▶ _ACTIVITY_
All of the data below needs to be set down again, exactly as shown.

▶ _LISTED ENTRIES_
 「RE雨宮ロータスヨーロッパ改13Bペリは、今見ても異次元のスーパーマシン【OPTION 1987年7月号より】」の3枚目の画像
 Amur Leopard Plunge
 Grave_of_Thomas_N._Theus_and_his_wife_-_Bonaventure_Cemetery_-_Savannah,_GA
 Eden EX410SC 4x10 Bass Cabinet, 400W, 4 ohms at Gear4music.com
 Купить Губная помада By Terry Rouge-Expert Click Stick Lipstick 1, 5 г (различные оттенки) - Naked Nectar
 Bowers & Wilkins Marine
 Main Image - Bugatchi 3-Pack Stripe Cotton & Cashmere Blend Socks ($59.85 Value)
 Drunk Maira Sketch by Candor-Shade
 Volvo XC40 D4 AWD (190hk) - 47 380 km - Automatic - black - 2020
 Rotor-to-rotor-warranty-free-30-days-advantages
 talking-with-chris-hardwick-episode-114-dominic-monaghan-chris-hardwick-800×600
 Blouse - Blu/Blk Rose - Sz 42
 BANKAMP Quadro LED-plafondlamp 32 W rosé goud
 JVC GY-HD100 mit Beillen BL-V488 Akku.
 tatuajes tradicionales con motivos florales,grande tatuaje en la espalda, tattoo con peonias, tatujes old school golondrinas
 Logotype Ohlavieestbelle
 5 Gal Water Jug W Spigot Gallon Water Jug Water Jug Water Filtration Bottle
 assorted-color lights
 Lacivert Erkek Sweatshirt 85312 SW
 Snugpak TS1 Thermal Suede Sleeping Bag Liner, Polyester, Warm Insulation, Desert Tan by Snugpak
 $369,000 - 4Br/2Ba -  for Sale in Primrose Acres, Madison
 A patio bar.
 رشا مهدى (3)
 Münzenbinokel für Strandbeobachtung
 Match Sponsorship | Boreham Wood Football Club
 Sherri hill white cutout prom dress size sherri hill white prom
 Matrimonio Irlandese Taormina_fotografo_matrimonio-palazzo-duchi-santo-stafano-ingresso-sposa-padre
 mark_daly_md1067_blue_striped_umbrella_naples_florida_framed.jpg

▶ _PROBLEM SOLUTION_
 「RE雨宮ロータスヨーロッパ改13Bペリは、今見ても異次元のスーパーマシン【OPTION 1987年7月号より】」の3枚目の画像
 Amur Leopard Plunge
 Grave_of_Thomas_N._Theus_and_his_wife_-_Bonaventure_Cemetery_-_Savannah,_GA
 Eden EX410SC 4x10 Bass Cabinet, 400W, 4 ohms at Gear4music.com
 Купить Губная помада By Terry Rouge-Expert Click Stick Lipstick 1, 5 г (различные оттенки) - Naked Nectar
 Bowers & Wilkins Marine
 Main Image - Bugatchi 3-Pack Stripe Cotton & Cashmere Blend Socks ($59.85 Value)
 Drunk Maira Sketch by Candor-Shade
 Volvo XC40 D4 AWD (190hk) - 47 380 km - Automatic - black - 2020
 Rotor-to-rotor-warranty-free-30-days-advantages
 talking-with-chris-hardwick-episode-114-dominic-monaghan-chris-hardwick-800×600
 Blouse - Blu/Blk Rose - Sz 42
 BANKAMP Quadro LED-plafondlamp 32 W rosé goud
 JVC GY-HD100 mit Beillen BL-V488 Akku.
 tatuajes tradicionales con motivos florales,grande tatuaje en la espalda, tattoo con peonias, tatujes old school golondrinas
 Logotype Ohlavieestbelle
 5 Gal Water Jug W Spigot Gallon Water Jug Water Jug Water Filtration Bottle
 assorted-color lights
 Lacivert Erkek Sweatshirt 85312 SW
 Snugpak TS1 Thermal Suede Sleeping Bag Liner, Polyester, Warm Insulation, Desert Tan by Snugpak
 $369,000 - 4Br/2Ba -  for Sale in Primrose Acres, Madison
 A patio bar.
 رشا مهدى (3)
 Münzenbinokel für Strandbeobachtung
 Match Sponsorship | Boreham Wood Football Club
 Sherri hill white cutout prom dress size sherri hill white prom
 Matrimonio Irlandese Taormina_fotografo_matrimonio-palazzo-duchi-santo-stafano-ingresso-sposa-padre
 mark_daly_md1067_blue_striped_umbrella_naples_florida_framed.jpg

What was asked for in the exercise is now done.